И даже ахнула, прикрыв рот рукой.
– Вот я тоже… Как увидел, бегом назад в часть. Хотел пересидеть, дождаться случая. Ведь это свобода, понимаешь? Ни от кого не зависеть.
– И для этого ты снова продался в рабство? – Она удивленно смотрела на него, будто впервые видела. Потом взяла колье из его рук, вытерла шампунь, надела на свою шею.
– У тебя хоть зеркало есть?
Он достал из стола небольшое круглое зеркало, используемое при бритье. И присвистнул от восхищения, глядя на нее:
– Прямо для тебя.
Она красовалась, не могла оторваться, поворачиваясь и так и эдак.
– Но оно же ворованное, ты это понимаешь? Его ищут! Наверняка такая работа есть в каталоге…
И тут ее взгляд упал на вырезки из журналов, пришпиленные к стенам.
– Голых баб коллекционируешь?
– Мой гарем… – усмехнулся Сережа не без самодовольства. И взял что-то вроде указки. – А ты приглядись. Никого не напоминают? Вот эта, например.

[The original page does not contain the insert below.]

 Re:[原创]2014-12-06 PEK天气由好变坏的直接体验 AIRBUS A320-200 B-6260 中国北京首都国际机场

– Бог мой… Аня Зуева! Жена лейтенанта. Не совсем, но похожа.
– Картина работы Ренуара, – сказал он не без гордости. – А это Зоя Солодухина. Работа Серова.

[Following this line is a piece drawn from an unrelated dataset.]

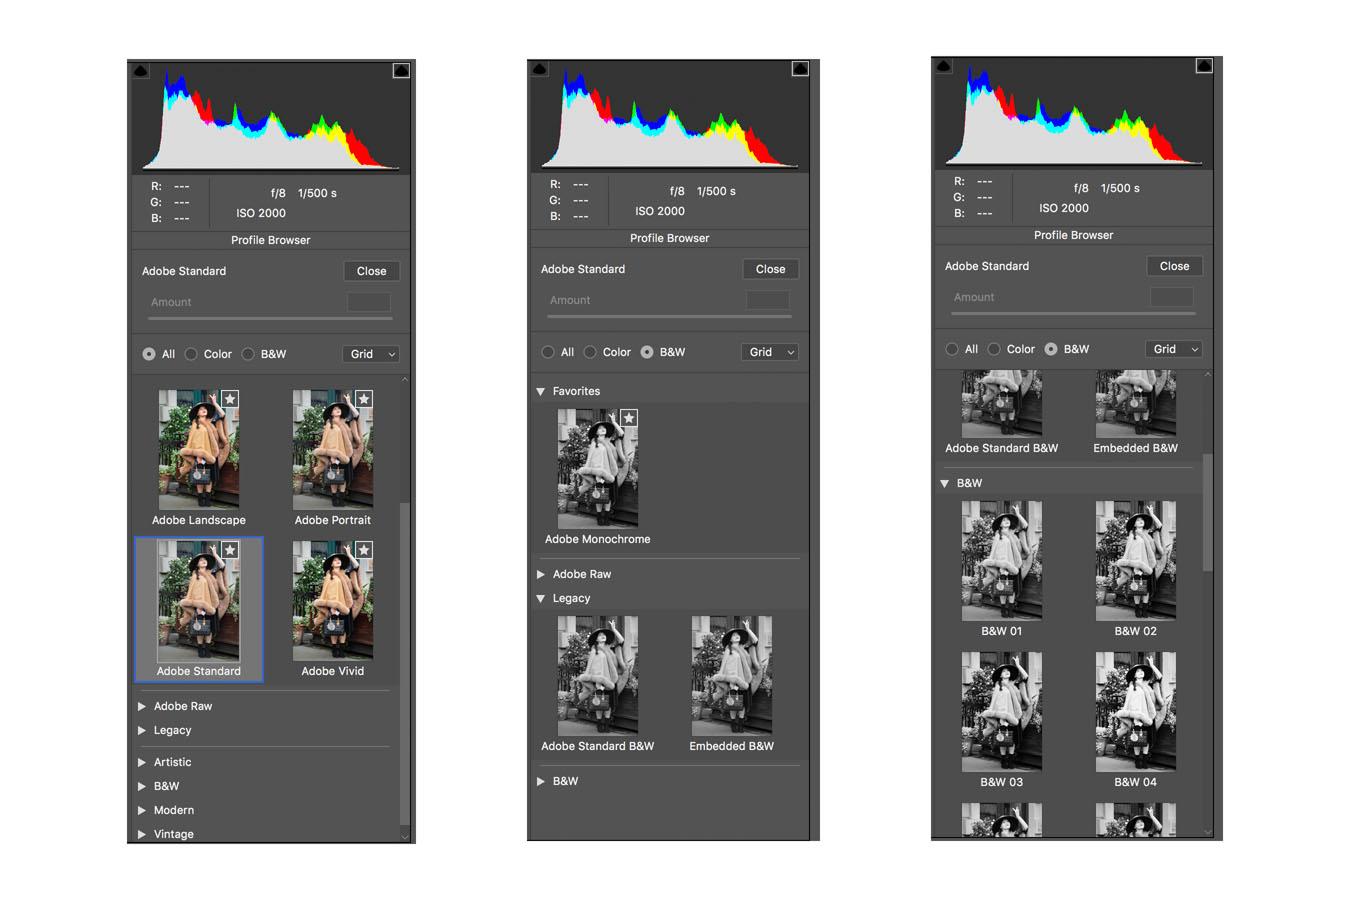 The new Monochrome Profiles in Adobe Camera Raw Update 10.3

– Господи, ты их специально подбирал? Сюда в часть?
– Ну, – кивнул он. – Через отдел кадров министерства… Когда там распределяли выпускников, я заказывал клеркам. Подберите, мол, такого лейтенантика, чтобы жена была точь-в-точь с такой-то картины.
– А муж? – спросила она, не переставая изумляться.
– Дело десятое, – отмахнулся Сережа. – Их как собак нерезаных. Так вот о деле. Очень меня обяжешь, если пронесешь эту штуковину через контроль в аэропорту. Посмотри, на тебе они как фамильные. Никто не остановит. Прямо в них родилась.
– А что ж ты их не использовал? – хмыкнула Алла, кивнув на вырезки из журналов.
– Куда им? Скажешь тоже… Даже Анька Зуева. Разве сравнить с тобой? Наденет, и сразу спросят: где сперла? А тут – язык не повернется, глядя на тебя. Я к такой мысли пришел, когда сам такое увидел. Женщина богатая, холеная шла через контроль. Видно же, когда человек привык к драгоценностям. Даже не остановили. А тебя – и подавно.
– Ну и ну… – Алла между тем продолжала осматривать старинных красавиц. – Слушай! А эта? – И повернулась к нему, приоткрыв рот. Сережа опять усмехнулся.
– Наконец-то. Думал: узнаешь, не узнаешь? Это «Вирсавия», работа Рубенса. Все, кто видел, в один голос: вылитая Тягунова! Она мне всегда нравилась, да все не мог подобрать. А тут твой тесть у нас был, фото показывал, где ты с Пашей в Сочи на пляже… Что смотришь?
Алла смотрела, не в силах произнести ни слова.
– С ума сойти! – протянула она, опомнившись. – Прямо мороз по коже. Ведь та же самая история! Царь Давид послал ее мужа на войну, чтобы затащить ее в койку. Но там – царь! А ты – писарь! Слушай… Так ты это все подстроил? С самого начала?
– Ну, врать не хочу, будто с самого начала… – Он потянулся. – Но мысль такая возникла: приблизить библейскую легенду к нашей серой повседневности. Ведь скучно живем! Я, пока здесь ошивался, полюбил эти игры. Вроде шахмат, понимаешь? Кого куда переставить. Одного в наряд, а жену его, соответственно, сюда. Другого в командировку… А все, повторяю, от скуки.
– Так для тебя мой Паша – пешка?
– Не в нем дело, неужели не понятно? – покачал он головой.
– А я для тебя… – понизила она голос.
– Пока что – средство транспортировки. Справишься с заданием, там посмотрим.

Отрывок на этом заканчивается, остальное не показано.